What is the baseball endgame?

What is the baseball endgame? Does commissioner Rob Manfred have a plan? The tide has turned in public opinion weighing heavily in favor of the players since Manfred publicly announced that the first two series of the regular season would be cancelled. A sport that some say is watched by a demographics with an average age of 57, you have to wonder if the baseball will lose more fans.

In a college class yesterday, a professor asked his students if any of them were baseball fans. A few hands went up among the nearly 300 students in attendance. He asked how many followed the NBA and a few more hands went up. He asked how many followed the NFL and more than half of his students raised their hands.

Certainly many of those students will become parents one day, and their child will play t-ball, and that family could grow to love baseball. The love of baseball is like a fine wine, but lately it is more like an annoying whine. We have been geared up for this moment since baseball locked-out in early December. Any optimism has turned to pessimism that this lock-out will be resolved any time soon.

The problem starts with the message and the guy at the top: Manfred.

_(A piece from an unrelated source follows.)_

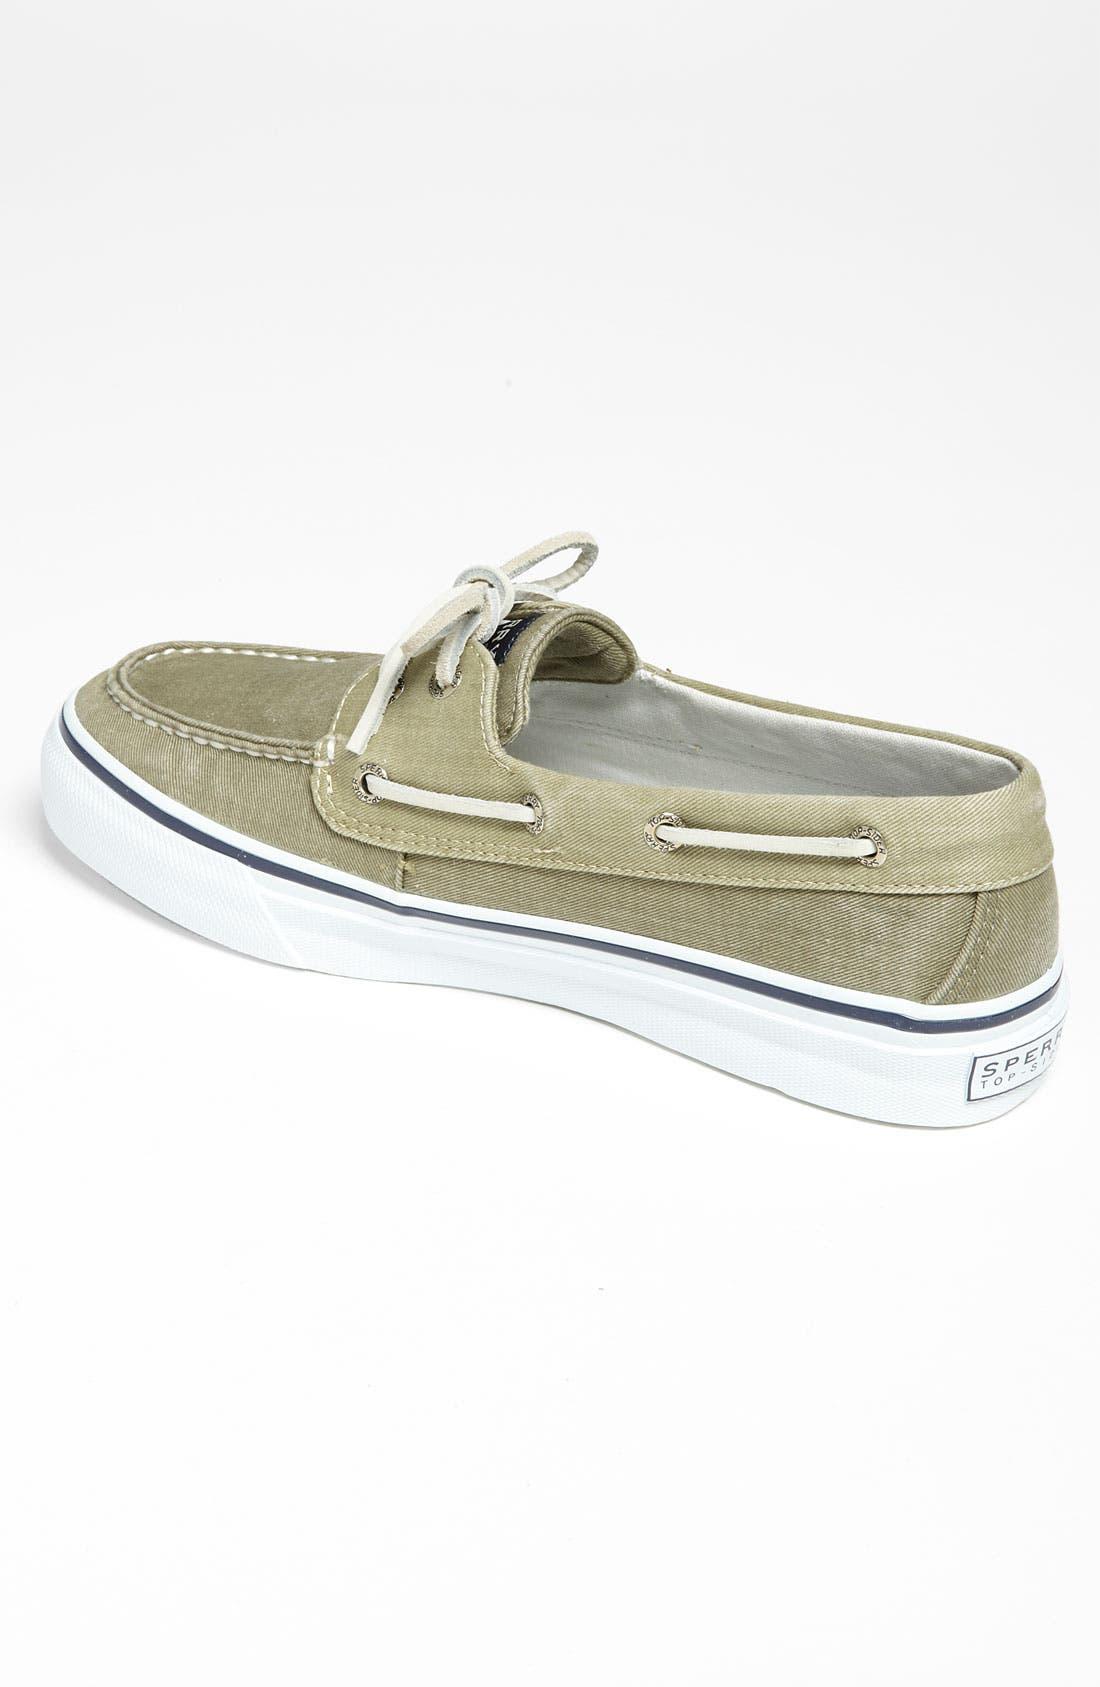 Top-Sider<sup>®</sup> 'Bahama' Boat Shoe,                             Alternate thumbnail 6, color,                             246

He said at the start of the lock-out that it would be a “disastrous outcome” if any regular season games were canceled in the 2022 Major League Baseball season. And here we are.

While the owners try to remain unified, our sources have told us there are factions divided among the owners. With players’ demands targeting entry level salaries, pre-arbitration bonus pools, and anti-tanking, you have to think this will disproportionately affect the lower-end teams the most. While the MLBPA is not asking for a minimum spending cap, these new measures would cost the teams that carry more minimum salary players a lot more than the teams that have a roster more heavily weighted with veteran players.

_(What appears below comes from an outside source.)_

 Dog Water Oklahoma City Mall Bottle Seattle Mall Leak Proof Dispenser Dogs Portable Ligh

Average ages have dropped as many teams seem to prefer younger and cheaper players as opposed to the costlier veterans. In August, the Baltimore Orioles had 20 of their 26 players on their roster making near the league minimum in salaries. This is a team that receives revenue sharing and has one of the best team-owned TV deals in baseball. You have to think that they don’t need fans in the stands to turn a profit. But there is factual data supporting the bulk of the production is coming from players aged at 26. Not too good for those players in their mid-30’s.

The Orioles are not the only team tanking and going with more minimum paid players, and before the 2021 season, they non-tendered some arbitration-eligible players for league minimum players. The Pirates, Marlins and Cleveland Guardians were close to the Orioles in least money spent in payrolls in 2021. All were under $60 million according to Spotrac. But the Orioles also lost an average of 111 games in the last four full seasons. They have a catcher, Adley Rutschman, who is now 24 years old and the top prospect in baseball with no MLB games to his resumé.

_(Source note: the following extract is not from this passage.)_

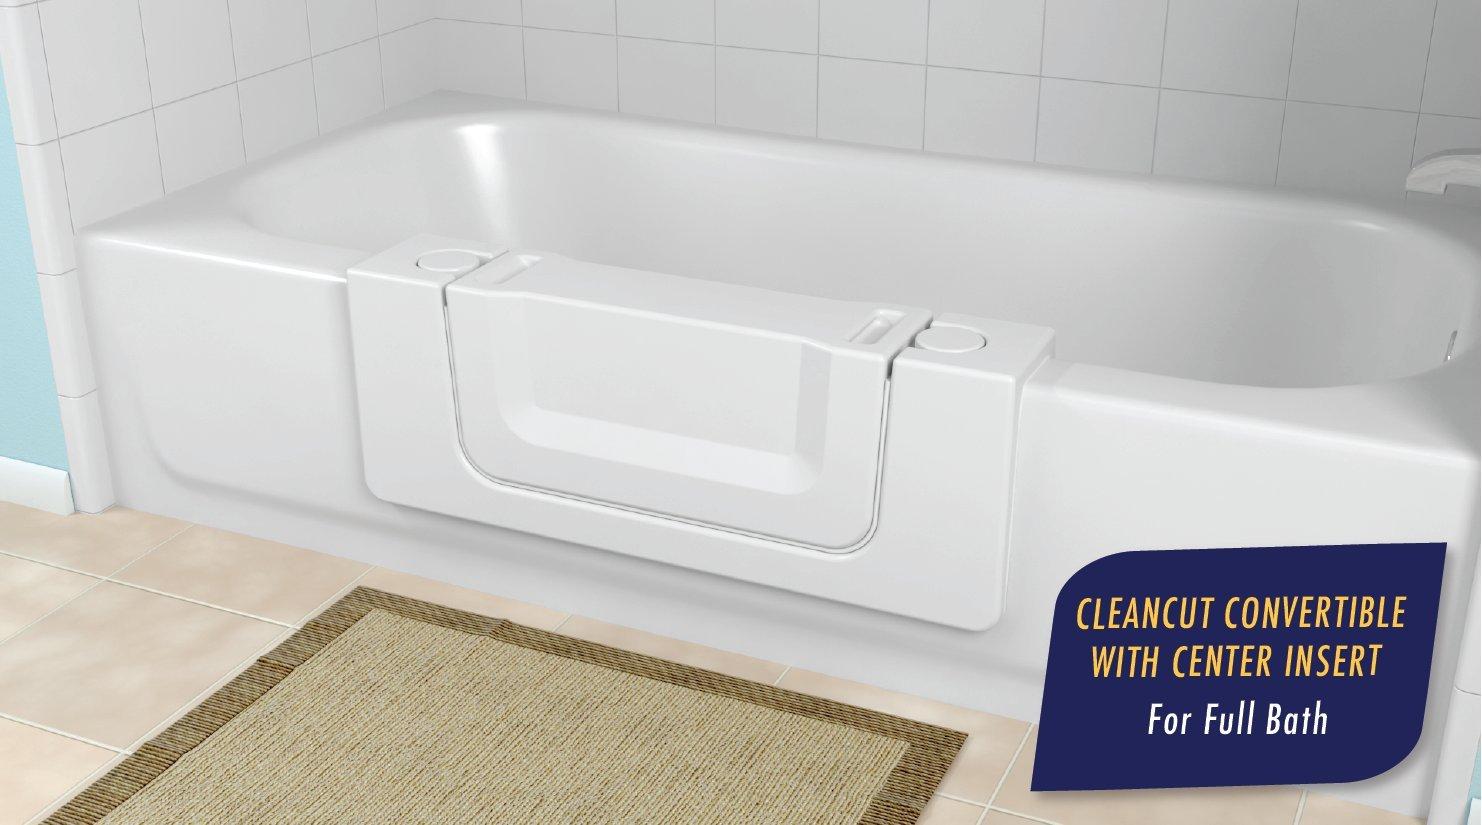 Amazon.com: CleanCut Convertible Bathtub Accessibility Kit - Size ...

This is what Max Scherzer speaks to on the stain that these tanking teams leave on baseball while alienating their fanbases because who wants to watch a team that is set up to lose by design year after year?

Raising the bottom of the league’s income seems to be a good idea, but each owner has a vote in this and as a group, Manfred announced the decision to cancel games. For what it’s worth, lead MLB baseball negotiators Dan Halem, and MLBPA’s Bruce Meyer are to meet today for an informal one-on-one according to multiple reports.

Also keep in mind, 75% of owners must agree to ratify a new CBA meaning 23 of the 30 owners must vote together. If eight teams oppose the ratification, there is no deal.